Обманутая — страница 16 из 53

– Она немного ненормальная. Мы поссорились из-за того, как она меня воспитывала, – солгал он. – Давай не будем об этом? Не самая приятная часть моей жизни.

Кивнув, Олеся продолжила идти рядом с Эриком, обнимая одной рукой его за пояс, а другую пряча в карман куртки. Чмокнув Олесю в макушку, Эрик сильнее прижал ее к себе, глупо улыбаясь тому, как все образовывалось.

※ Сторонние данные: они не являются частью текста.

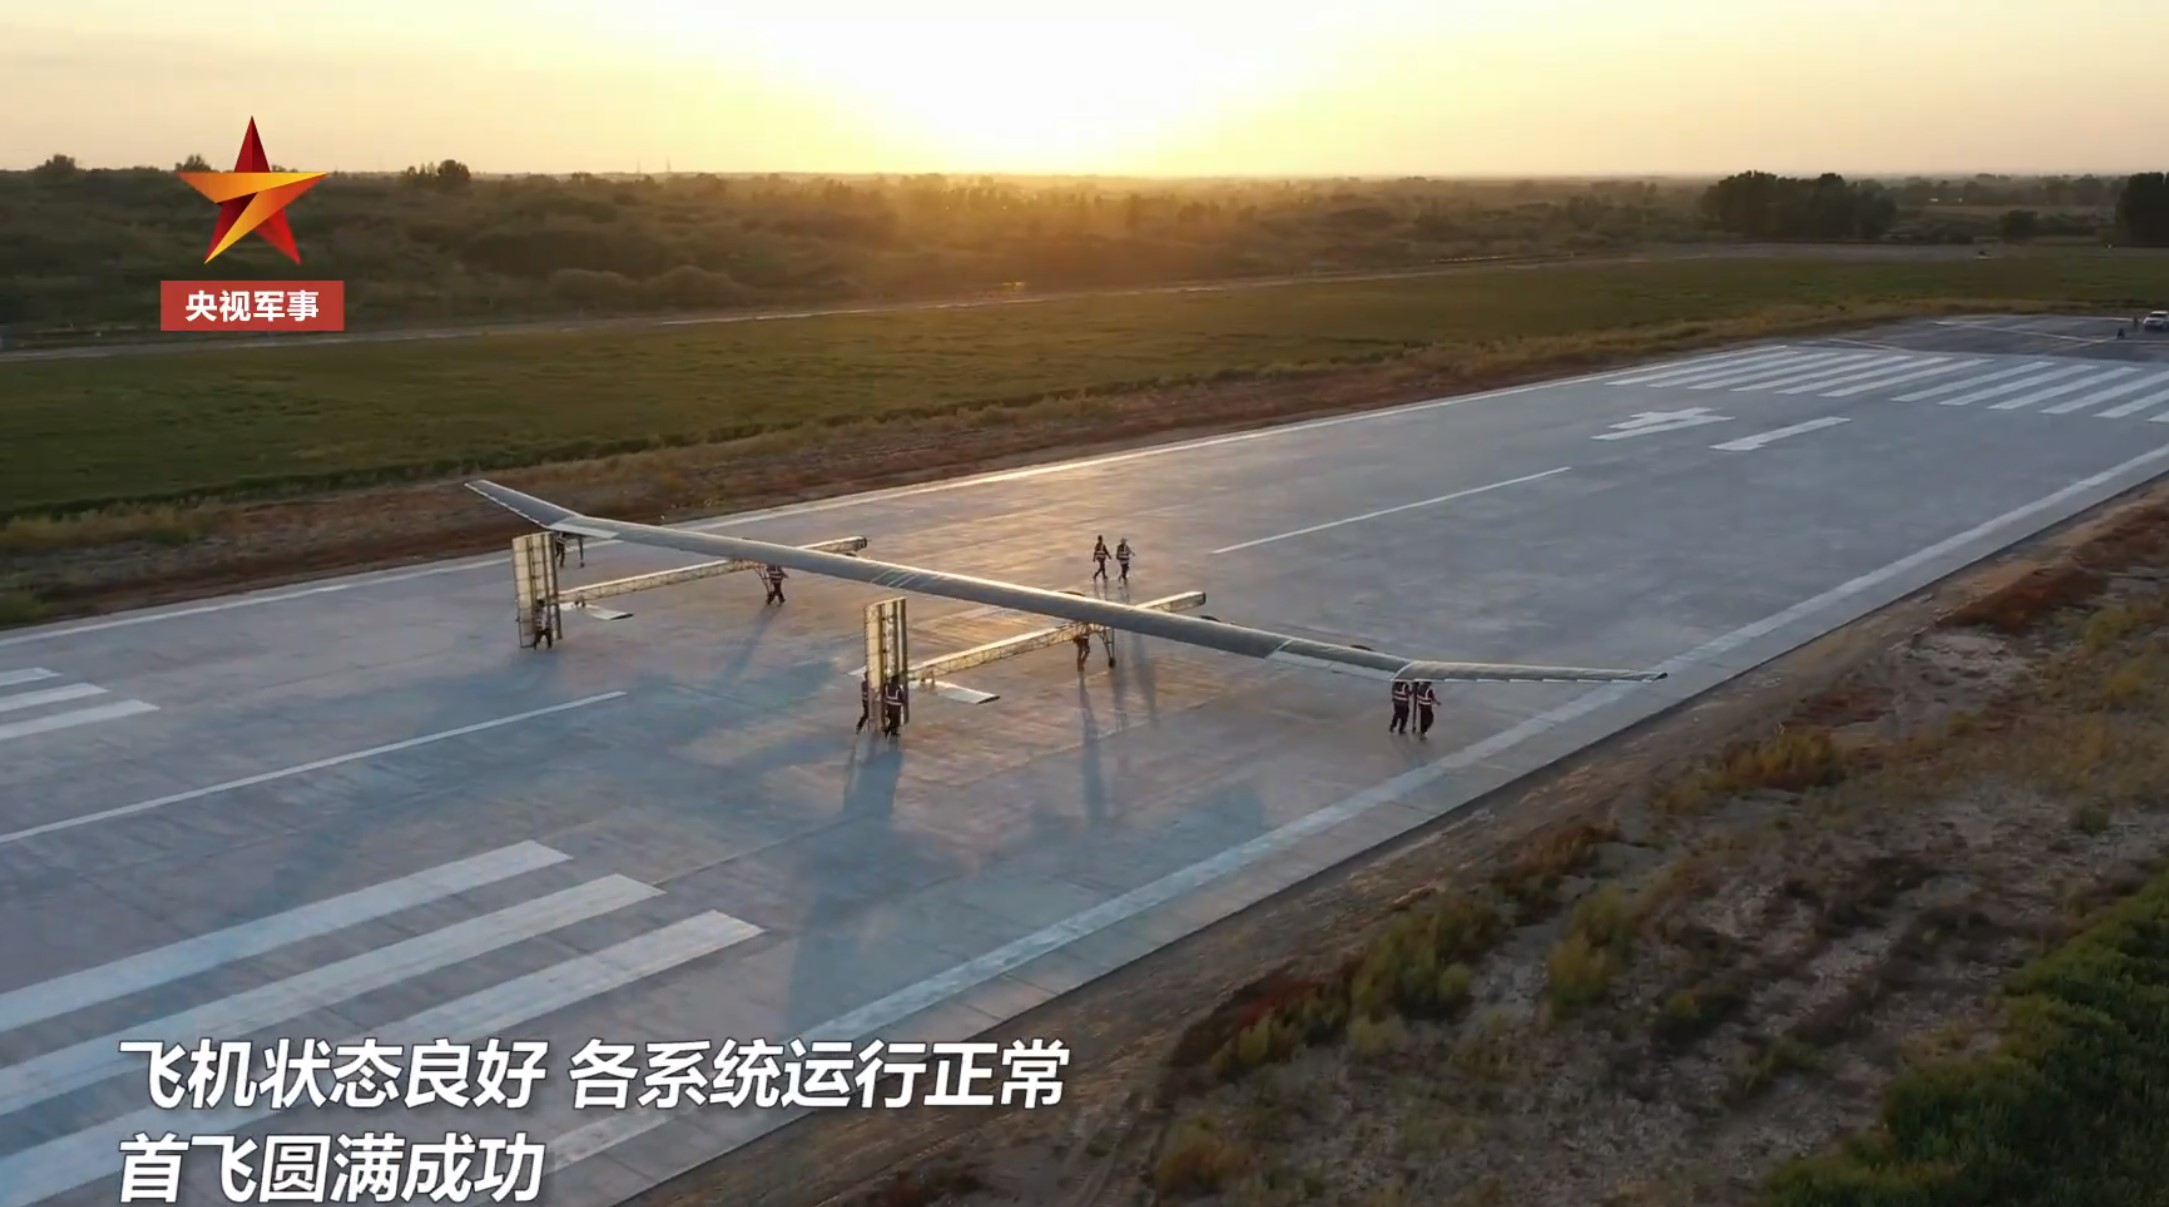 我国首款太阳能大型双机身无人机首飞成功
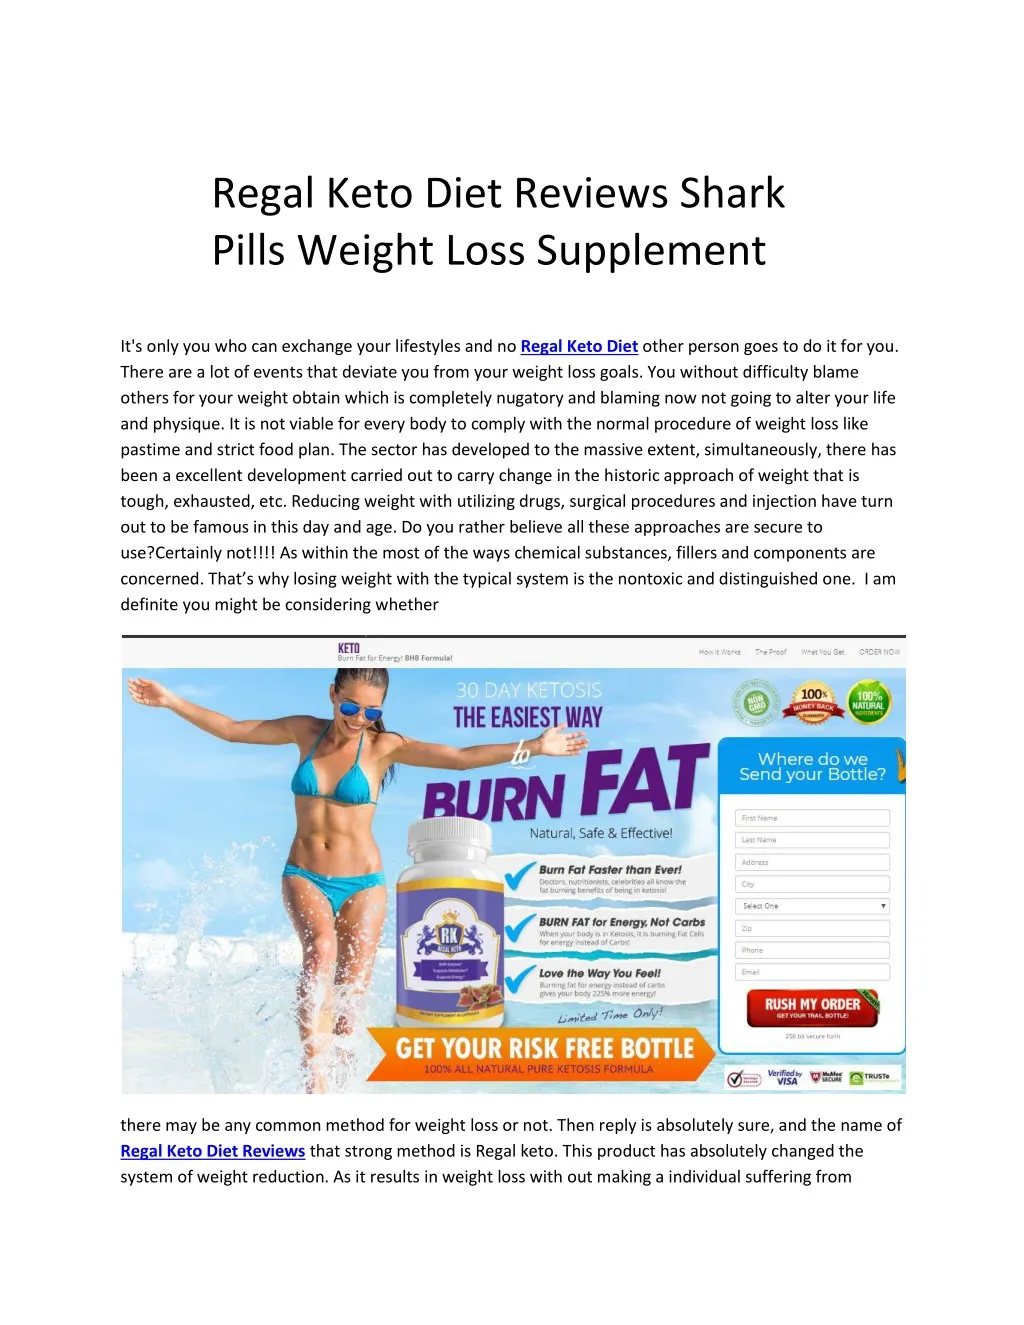 regal keto diet reviews shark pills weight loss

С матерью он общался редко, около двух раз в год – приезжал к тете на Новый год и ее день рождения, куда приглашали и его мать. Вот так они и встречались на нейтральной территории, и никто из них это правило не нарушал. Видеться в небольшой деревушке им было проще, чем в квартирах друг друга или в каком-нибудь кафе. Они и жили в соседних городах, но никогда не пересекались, не созванивались лишний раз. У каждого была своя жизнь, свои проблемы. До четырнадцати он свою жизнь желал вообще не вспоминать.

В шестнадцать лет Эрик впервые сбежал из дома и вернулся спустя две недели лишь из-за того, что не хотел жить в детском доме, куда его грозилась сдать мать. «Сдать, как бракованную игрушку в магазин. Как котенка, выбросить на улицу в лютый холод. Как просроченный товар в мусорку», – думал он словами женщины, родившей его, но на деле продолжал жить под одной крышей с той, которая лишь называлась его матерью, а на деле перестала таковой являться. Она пила, приводила в их двухкомнатную квартиру мужчин, каждый из которых пытался взяться за воспитание трудного подростка.

В восемнадцать он собрал свои вещи, небольшие сбережения и ушел навсегда, оставив после себя записку с простым словом «прощай». С того дня прошло семь лет, а Эрик до сих пор помнил, как в груди приятно покалывало от предчувствия новой жизни вдали от матери и всего, к чему он так и не смог привыкнуть. Эрик, хотя тогда его звали иначе, нашел небольшую квартиру. В ней он жил до того дня, пока не переехал с Олесей в этот город. Поступил в университет, нашел работу и всячески устраивал свою жизнь. Без отца, матери и других проблем. Один.

– Расскажешь мне? – снова услышал он вопрос. – Ой, прости. Я влезаю не в свое дело.

– Это твое дело, мы ведь встречаемся, – усмехнулся Эрик, продолжая идти по дорожке. Задумавшись, Эрик начал рассказывать Олесе историю своих отношений с матерью, достаточно правдивую. Он избегал некоторых моментов жизни, в основном город, в который переехал, добавил немного фактов об Олесе. Не рассказывал о своем детстве, лишь упомянул вскользь, что время то было трудное. Рассказ получился довольно достоверным и эмоциональным, с каждым услышанным словом Олеся обнимала его крепче.

Она испытывала сильную жалость к нему, хотела обнять Эрика. Сама. Впервые.

– Такую мать никому не пожелаешь.

– Родителей не выбирают, – он снова поцеловал ее в макушку.

– Я не помню своих, так что не могу понять, что именно ты чувствуешь.

– Это пройдет, все будет хорошо, Олеся.

Эрик порой осматривался по сторонам, волнуясь, что кто-то их увидит. Олесю сейчас было почти не узнать, но все равно какое-то семя страха таилось глубоко внутри. Эрик не паниковал, не чувствовал себя параноиком, но лишний раз старался из дома не выходить и не позволял Олесе влезать в интернет без его ведома. Эрик всячески ограждал ее от новостей, игнорировал подобные передачи, постоянно включал что-то развлекательное.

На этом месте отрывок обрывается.